ジョセフはテーブルにカバンを下ろしながらそう言うと、暖炉とは別の、釜戸のあるストーブに火を付けていた。


本当に映画で見た事のあるような部屋につい目を輝かせてしまう。

「なぁ!良かったら家、見てまわりたいんだが!」

「どうぞ。調香室は割れ物が多いから、気を付けて下さいね。」

「わかった!」

俺はワクワクと、暖炉の部屋の隣にある扉を開いた。そこは海の見える小綺麗な応接室だ。対面にフカフカのソファーがあり、真ん中にテーブルがある。

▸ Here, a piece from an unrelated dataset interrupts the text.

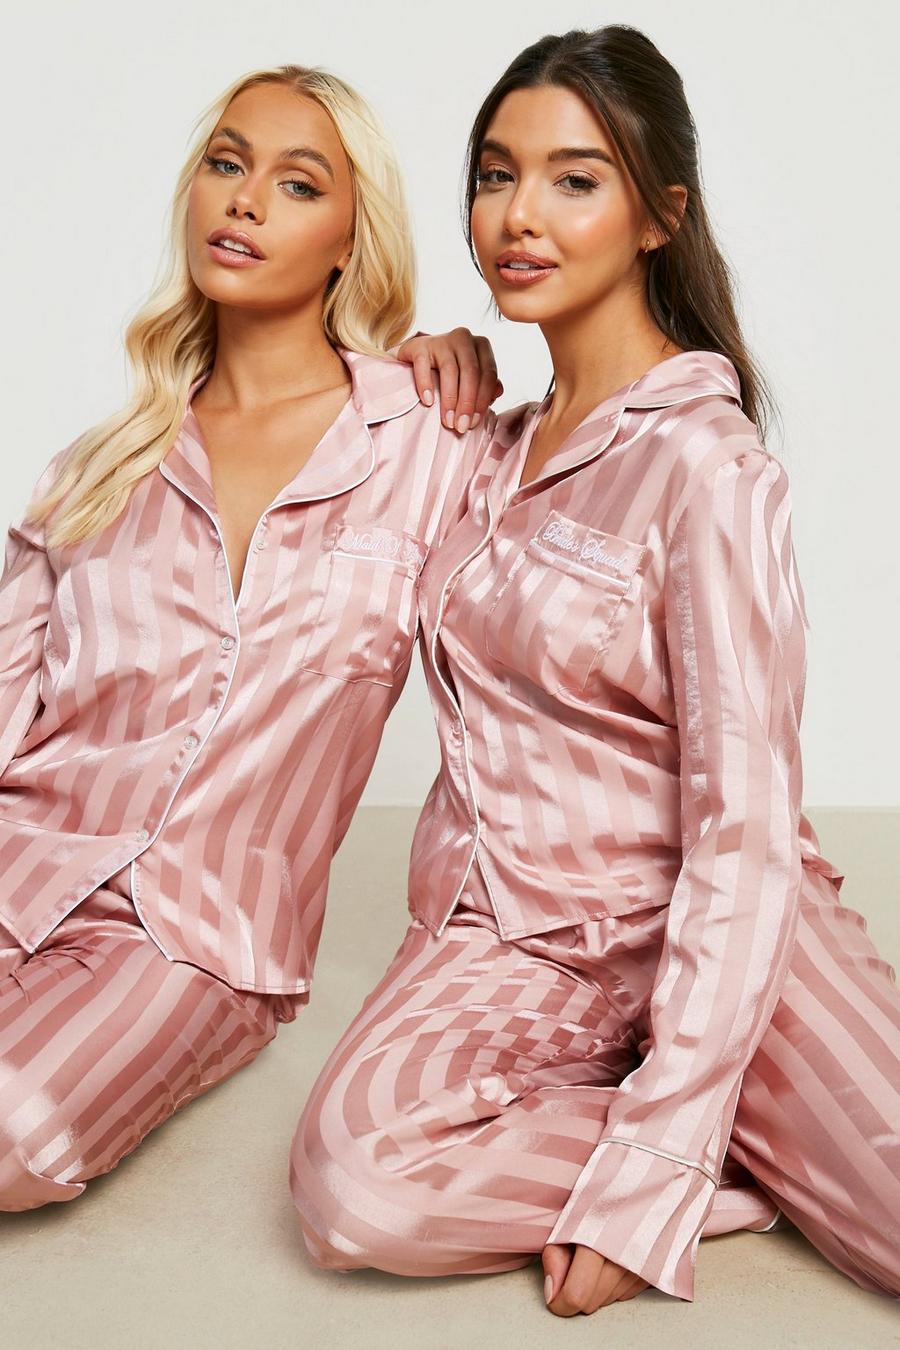 Pyjama satiné à rayures avec chemise et pantalon, Blush rose

「そこはたまに商談に使うんです。客間ですね。普段は俺の昼寝場所です。」

後ろから、ポットに水を注ぎながらジョセフが解説してくれる。

「なるほど。」

ジョセフの身長だと足が出て窮屈そうな気もするが、スヤスヤと眠る姿を想像すると可愛いなと思ってしまう。

そっと扉を閉めると、今度は玄関とは対面の扉を開けた。暗い廊下には左右に扉があり、奥にも一つ扉があった。すぐ横には二階への階段もある。

「二階もあるのか?」

階段の上をじーっと見つめる。真っ暗な階段はどこか不気味で、けれど子供心を擽られる。

「二階は寝室ですよ。」

ジョセフは問われるままに答えてくれた。

二階の探索は後にしようと、次は右の扉を開いた。すると、フワリと花の香りや新緑のような香りが漂ってきた。

「この部屋はいい匂いだな。」

中に入ると室内は明るく、綺麗に整頓されている。戸棚には沢山の小瓶が並び、中央の机には何かの実験道具のような機材が並んでいた。

「すごいな。これが調香室ってやつか?」

すると、後ろから足音がして、ジョセフが扉の外か覗いた。

「ああ、朝少し弄ってたから香りがまだ残ってるな。戸棚の小瓶は香油です。調香室です。」

「へえ!ここが仕事部屋!。」

「商いの傍ら、オーダーを頂いた時に少しだけですけどね。」

なるほど、彼にとっては調香は副業なのか。


小瓶が可愛く道具も物珍しくてあちこち見て回っていると、後ろから見ていたジョセフがふふっと笑った。

「な、なんだよ…。」

「いや、なんだか貰われてきた猫が部屋を見て回っているようで。」

ジョセフは壁に寄りかかりながら、俺の動向を観察する。見られていると思うとやはり恥ずかしいもので、少し視線を逸らした。

「悪かったな。まぁでも状況は似たようなもんだろ?」

確かにキョロキョロと落ち着きなく歩き回る様は、まるで初めての場所に来た猫のようだと自分でも納得してしまう。

けれど、こんな経験できるもんじゃないし、ジョセフには悪いが興味は尽きない。あちこちが物珍しい。


調香室を出ると、次は一番奥の扉を開いた。

そこは、薄暗く物置きと化したお店風の部屋だ。窓のカーテンが物寂しく太陽の光を遮り微かな光を室内にもたらしていた。


「ここは、祖母が健在の時に、裁縫屋をしていたお店です。今は行商がメインなので物置きになってます。」

「そういえば、お婆さんはどうされたんだ?」

「去年、他界しました。」

彼は少し寂しげに笑った。多分、そうだろうなと思いながらも、ストレートに聞いてしまった自分のデリカシーの無さが嫌になる。

「すまん。」

「いえ。大大夫ですよ。俺もまだ、祖母が居なくなった実感は無いんですよ。従軍中で死に目に会えなかったです。お墓も行ったし、祖母の物も片付けたんですけどね。まだひょっこり出てきそうで。」


不思議ですよね。と言いながら、お婆さんが使っていたであろう裁鋏たちはさみに触れた。